深度学习已广泛应用于计算机视觉、自然语言处理和数据挖掘等各个领域。尽管深度学习可以高效地处理各领域问题,但是它同时会受到对抗攻击的威胁,从而使其在特定领域的应用变得不稳定,甚至出现安全漏洞。提升对抗样本在不同模型之间的可转移性有助于提高网络鲁棒性,同时基于可转移的攻击方式相比其他攻击方式也更加高效。本文针对图像分类领域,在总结现有对抗攻击算法的基础上,聚焦于提升迭代攻击、中间层攻击和对ViT模型攻击三个方面生成对抗样本的可转移能力,提出了对应的改进措施和解决方案。概括而言,本文的主要内容包括以下三个方面:
(1)为了提升迭代攻击算法的可转移性,本文从几何的角度分析了过拟合现象和可转移性的关系,提出了基于几何夹角的可转移攻击算法(ANI-FGSM)。该算法以损失函数在对抗样本处及其邻域内随机样本的梯度方向夹角为正则项,能够平滑模型的损失函数,从而生成高可转移性的对抗样本。进一步地,本文给出了ANI-FGSM提升可转移性的理论证明。此外,ANI-FGSM在正常训练模型、对抗训练模型和防御模型上的实际表现均强于传统算法,具有更高的黑盒攻击成功率和更强的可用性。

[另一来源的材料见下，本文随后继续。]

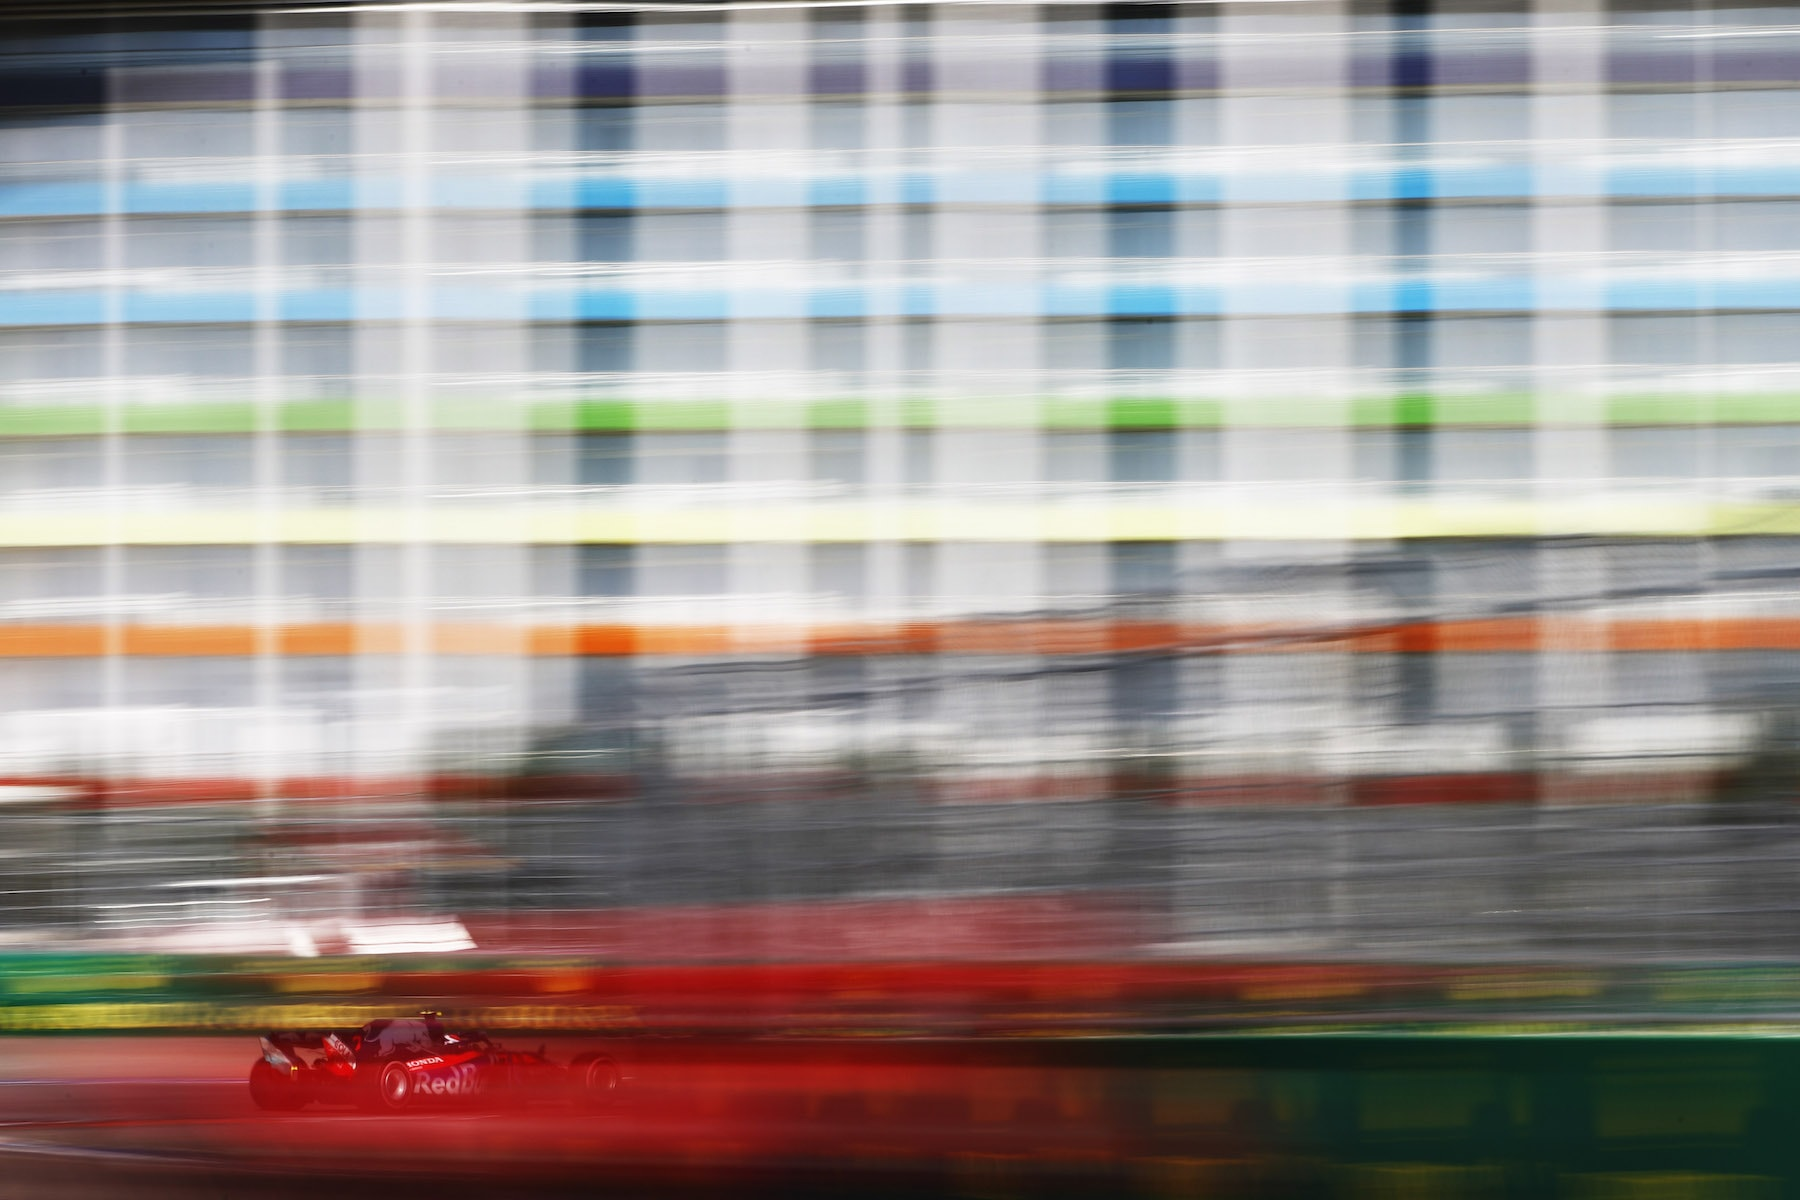 2018 Pierre Gasly | Toro Rosso STR13 | 2018 Russain GP Q1 1 copy.jpg

(2)为了充分利用两阶段方法中增强阶段的梯度信息,本文提出了基于增强阶段梯度的中间层攻击算法(UILA)。该算法使用快照点存储最新的指导方向信息,并设置外循环进行快照点的更新,改善了现有算法对输入敏感度高的缺点。另外,本文引入了一个以经验观察为指导的程序,能够单独使用源模型来选择最佳层索引,避免了超参数优化期间对目标模型再次进行评估,降低了实验成本。最后,在不同规模数据集上的实验结果表明了本文所提UILA算法在白盒攻击上的有效性,并且使用不同源模型验证了该算法生成对抗样本的可转移性。

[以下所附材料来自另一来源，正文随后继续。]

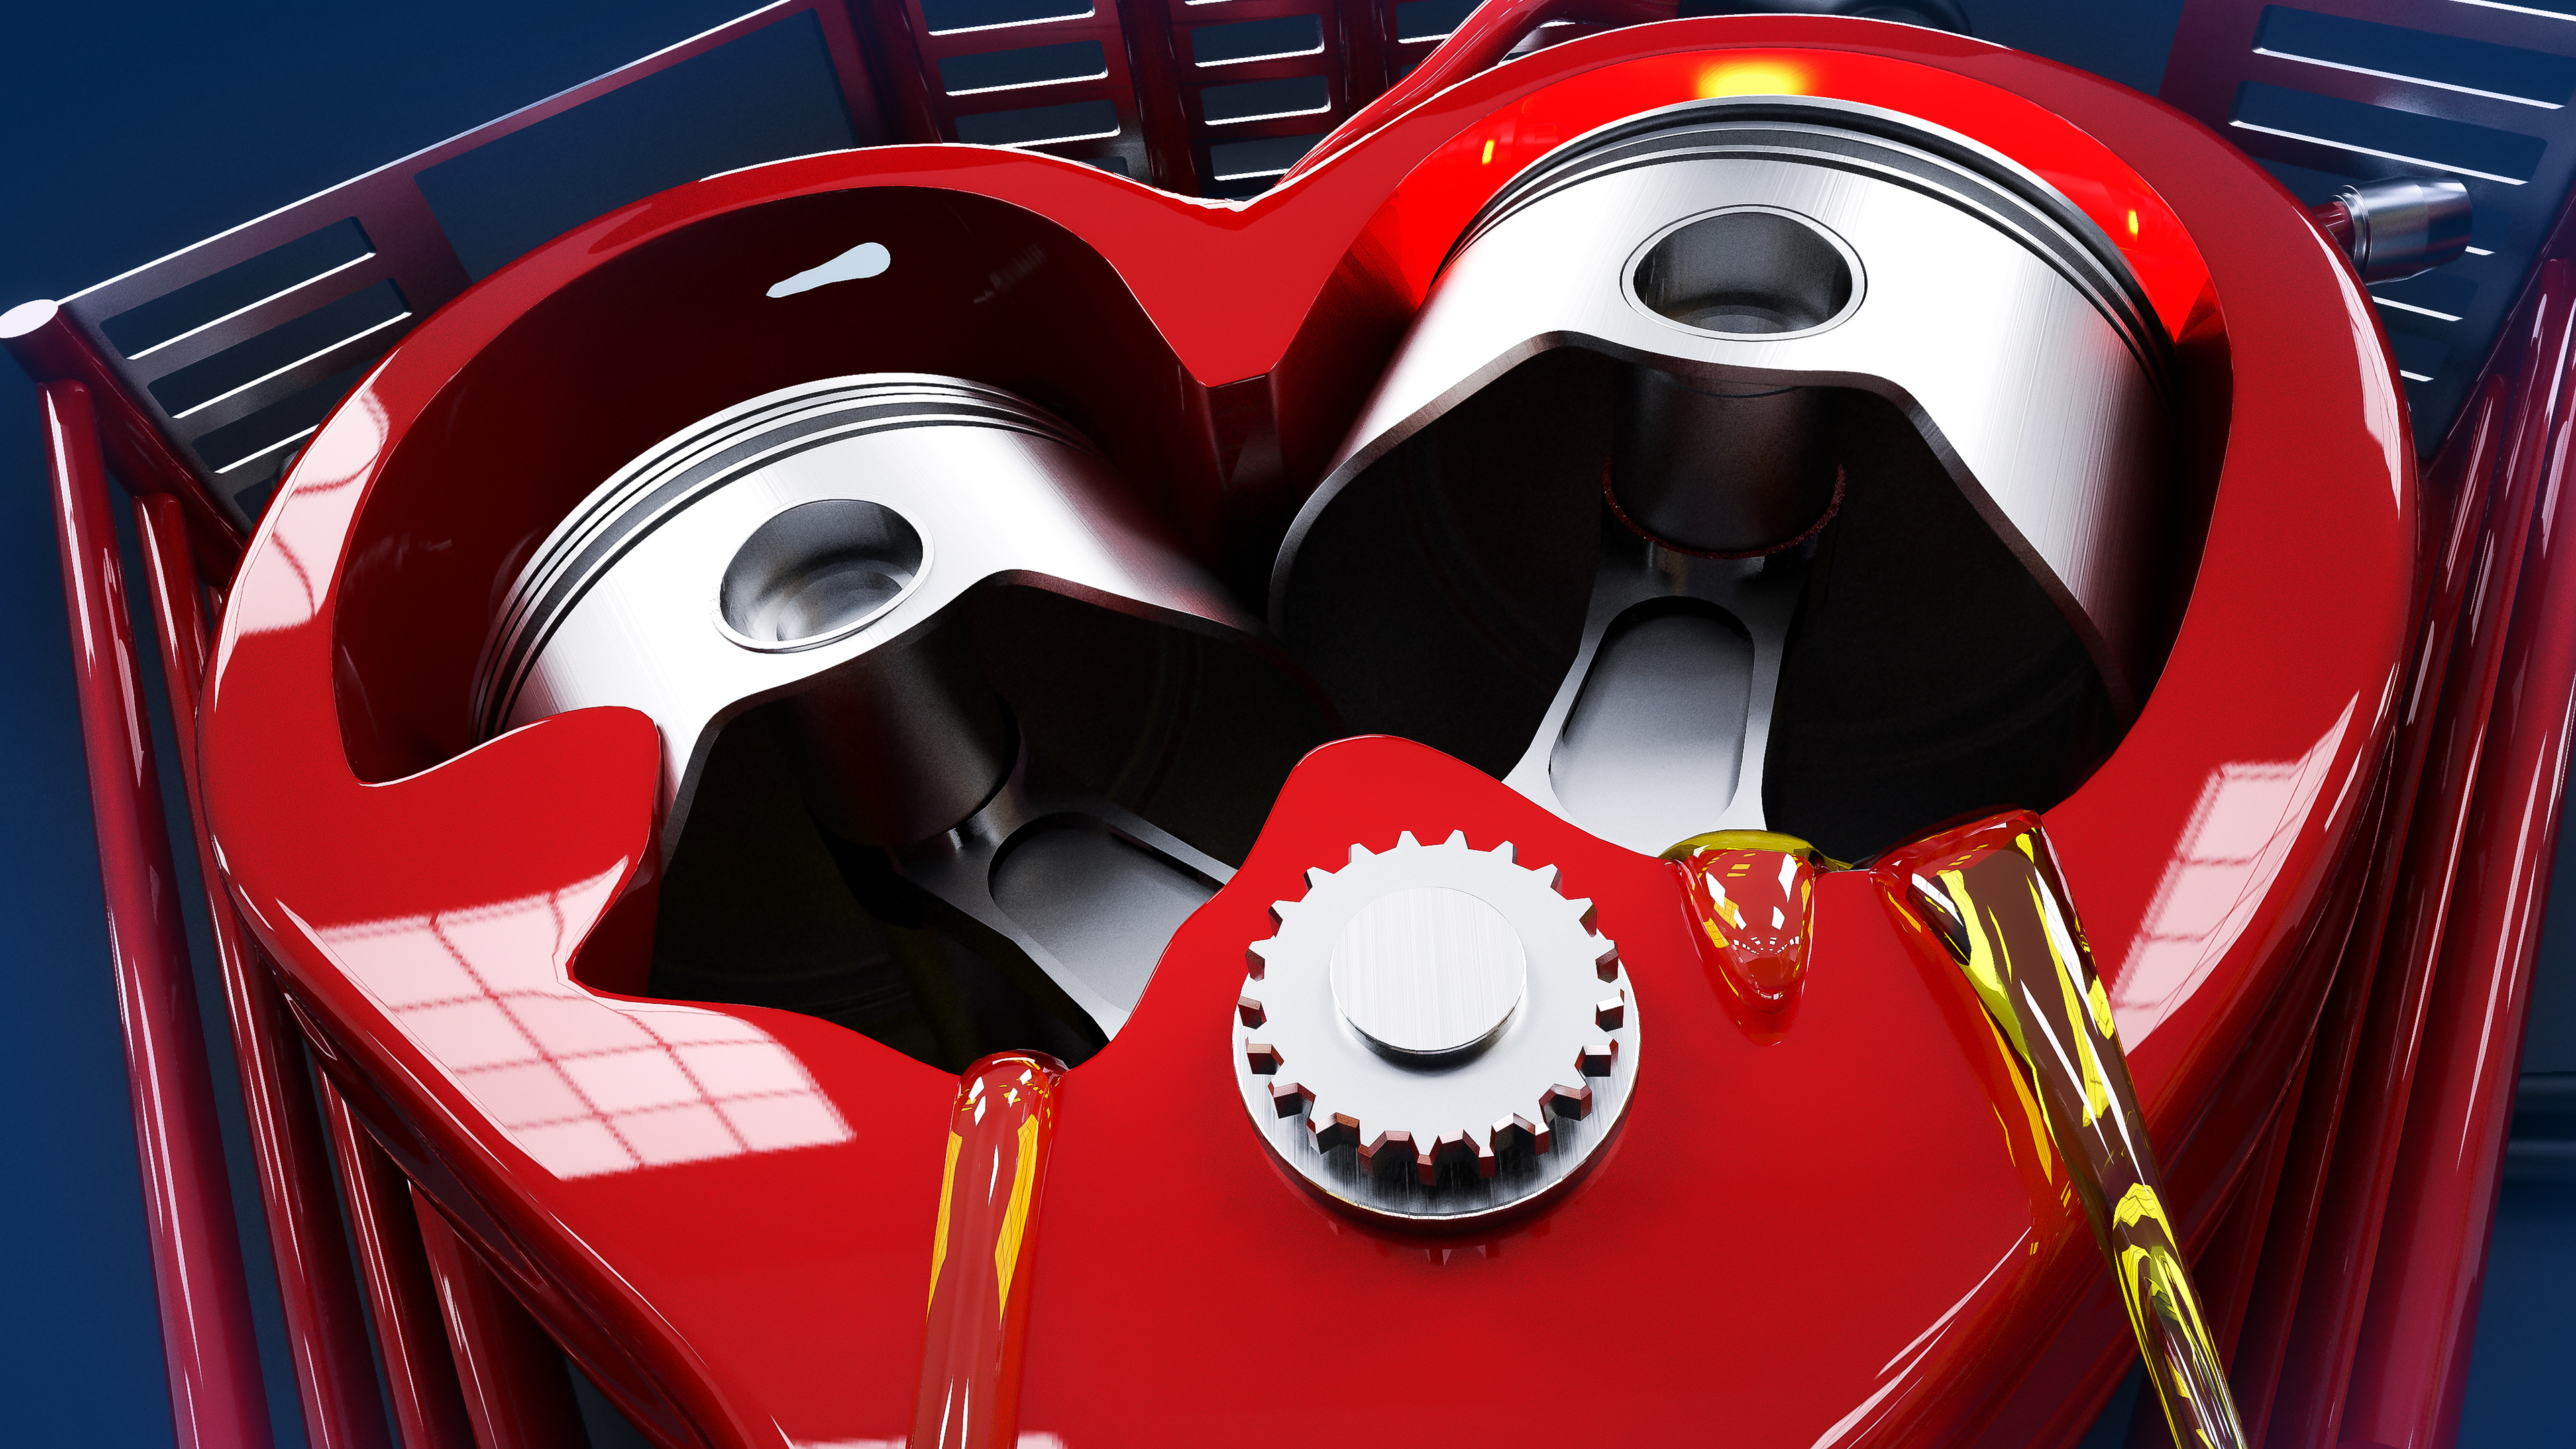 картинки в виде сердца-мотора всё

(3)为了提高对抗样本在ViT模型上的可转移性,本文提出了分块与稀疏交替攻击算法(PSAA)。本文首先介绍了ViT模型的基本结构,并比较了ViT和CNN模型特征提取方式的不同。根据自注意力机制可以同时对全局和局部特征提取的特点,交替地使用分块和稀疏攻击来生成对抗样本,有效地干扰了ViT模型对补丁之间交互信息和图像特征的提取。此外,通过在稀疏攻击上引入PNA机制进一步提升了PSAA算法的可转移性。实验结果表明,PSAA算法不仅可以在白盒设置下有效地攻击ViT模型和CNN模型,同时在黑盒设置下也具有良好效果。
综上所述,本文提出了三个有效算法来产生具有高可转移性的对抗样本,在不同的模型上均有良好的表现,可以广泛地应用于实际场景中。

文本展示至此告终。